The participants in this study were Spanish-dominant bilingual speakers with English as their L2 who used Spanish daily in personal and professional interactions. Some had just arrived in the US, and some had been living in this country for up to 40 years.
Cantor-Cutiva et al. (
2023) reports that Spanish-dominant bilingual speakers do not produce creaky voice as often as English-dominant bilinguals, while
Kim (
2017) shows that Spanish–English bilinguals often transfer creaky voice from English into Spanish (
Kim 2017).
González et al. (
2022), who examined creaky voice in the participants of the present study, argue against English transfer of this voice quality based on the fact that (i) creaky voice was as frequent in participants who had just moved to the US as in participants who had been residing in the US for many years, and (ii) creaky voice is more frequent for females than males in American English, unlike in the Spanish dataset, which shows the opposite trend.

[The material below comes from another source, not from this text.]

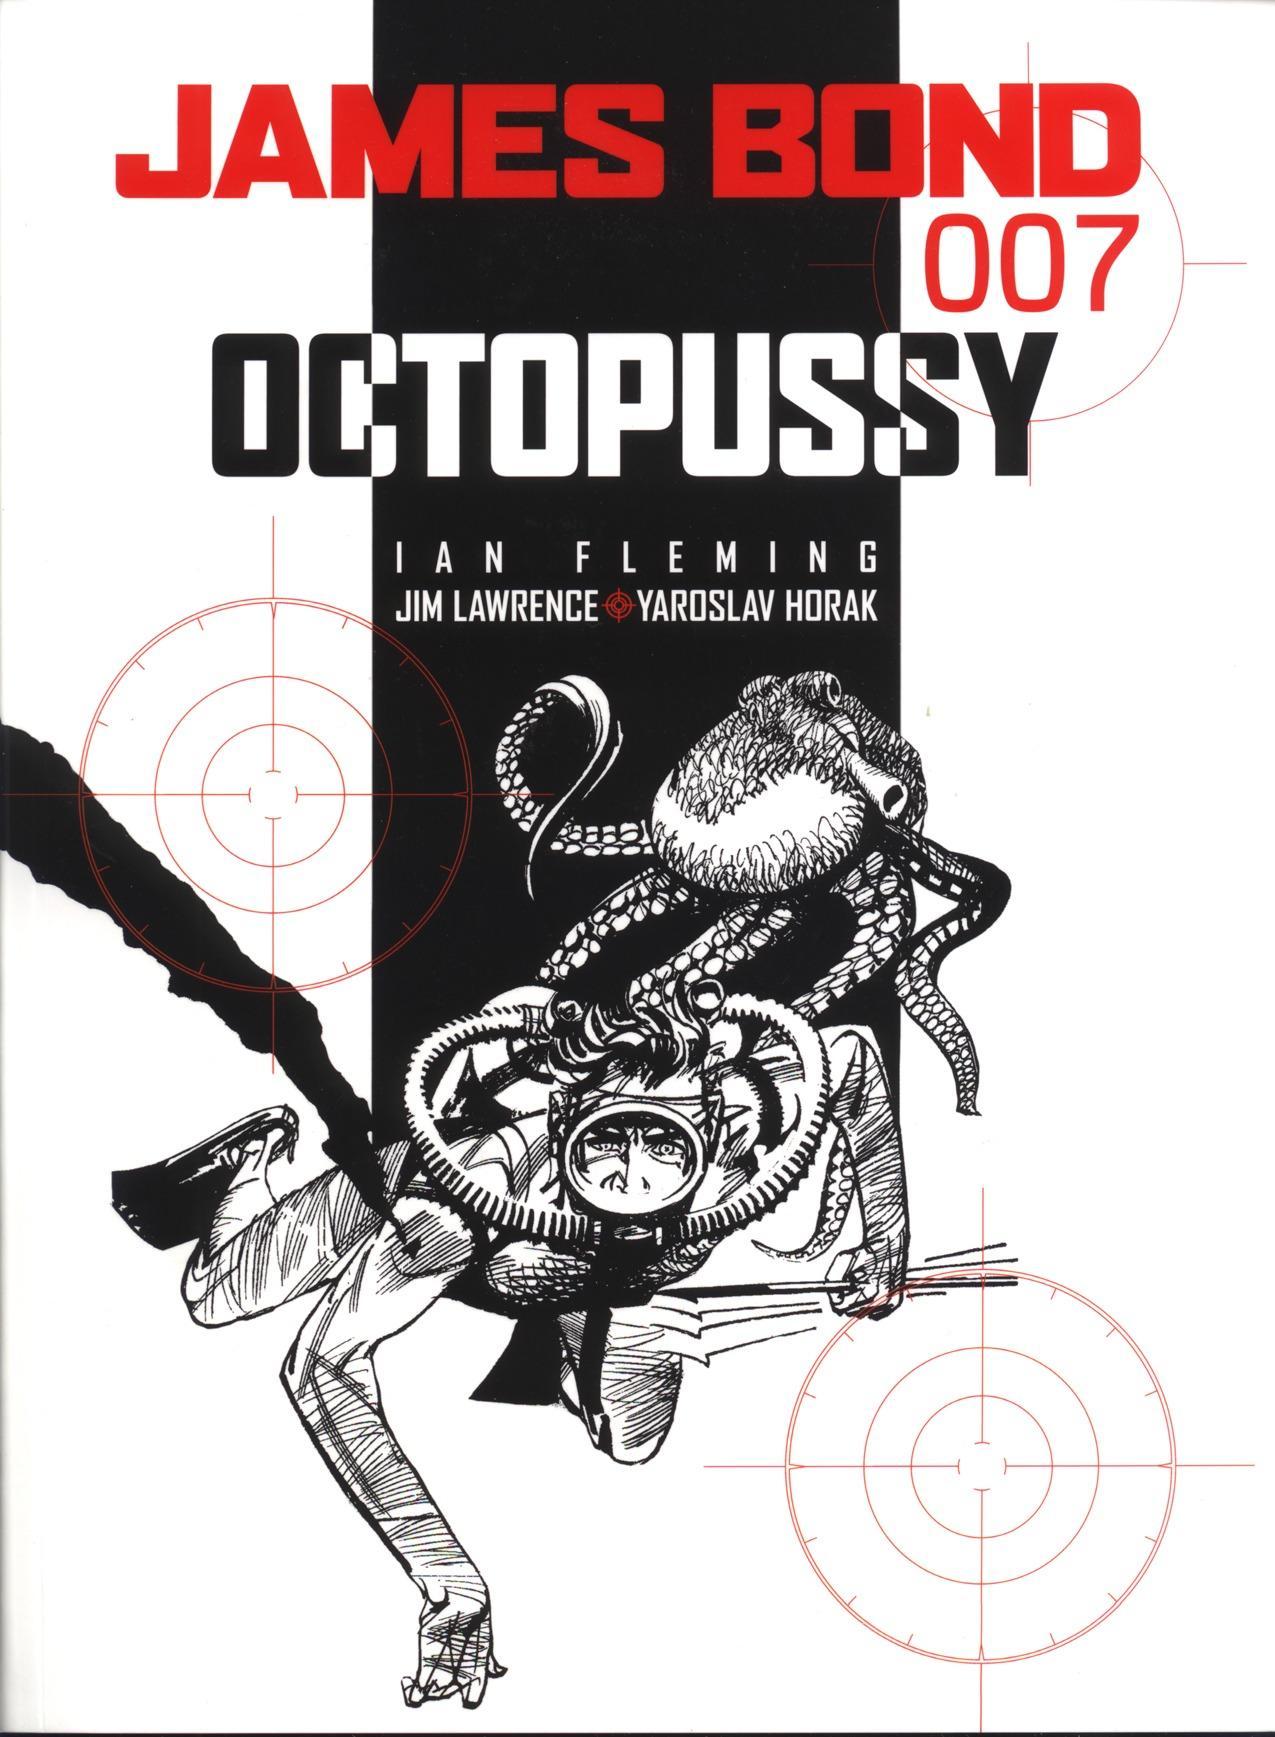 James Bond: Octopussy / Octopussy / Ian Fleming (u. a.) / Taschenbuch / James Bond / Kartoniert / Broschiert / Englisch / 2004 / Titan Books Ltd / EAN 9781840237436 - Fleming, Ian

While the present study still shows this pattern, we find it intriguing that the female participants had significantly more creak at the end of IPs, while male participants preferred breathy voice in the same content. We consider then that transfer of creaky voice from English might be a possibility at the end of higher prosodic units, at least for females, but we leave this point for future investigation.
Finally, the participants of this study were from eight different Spanish-speaking countries. Except for the case of Colombian Spanish, all Spanish dialects represented included male or female speakers, but not both. Some dialectal differences in phonation are reported for Spanish; for example,
Kim (
2017) did not find creaky voice utterance-finally in native speakers of Mexican Spanish (unlike
Garellek and Keating 2015). We leave a more detailed investigation of dialectal differences in the voice quality of Spanish vowels for future investigations.
5. Conclusions
This study contributes to the investigation of phonation in Spanish vowels. It shows that creaky voice and breathy voice are pervasive word-finally, particularly at the end of full intonational phrases (IPs). While creaky voice was favored by males and modal and breathy voice by females, at the end of full intonational phrases males tended to have more breathy voice, and females more creaky voice. Our findings also show that word-final Spanish vowels often involves double or triple phonation types. In vowels realized with multiple phonation types, modal voice tends to precede other voice qualities; devoicing, when present, always occurs at the end of the vowel. These results have implications for future acoustic studies of Spanish vowels, which are often assumed to be modally voiced throughout.
Our study included the examination of phonatory visual cues in waveforms and spectrograms in addition to the measurement of H1–H2 values. The latter was calculated for each phonation interval, rather than as the average for the entire vowel, resulting in a more fine-grained investigation of voice quality. To the best of our knowledge, this is the first time this methodology is employed, at least for Spanish. Our results show that H1–H2 differences between modal and breathy voice align well with phonatory visual cues in acoustic displays. However, H1–H2 values consistently distinguish modal and creaky voice for males only. Future studies on Spanish vowels should include formant correction algorithms for H1–H2 and/or the use of additional spectral tilt measures, particularly if focusing on female speakers. It is our hope that other scholars continue to investigate phonation in vowels, since it can inform our understanding of their acoustic and perceptual characteristics both in L1 and L2 Spanish.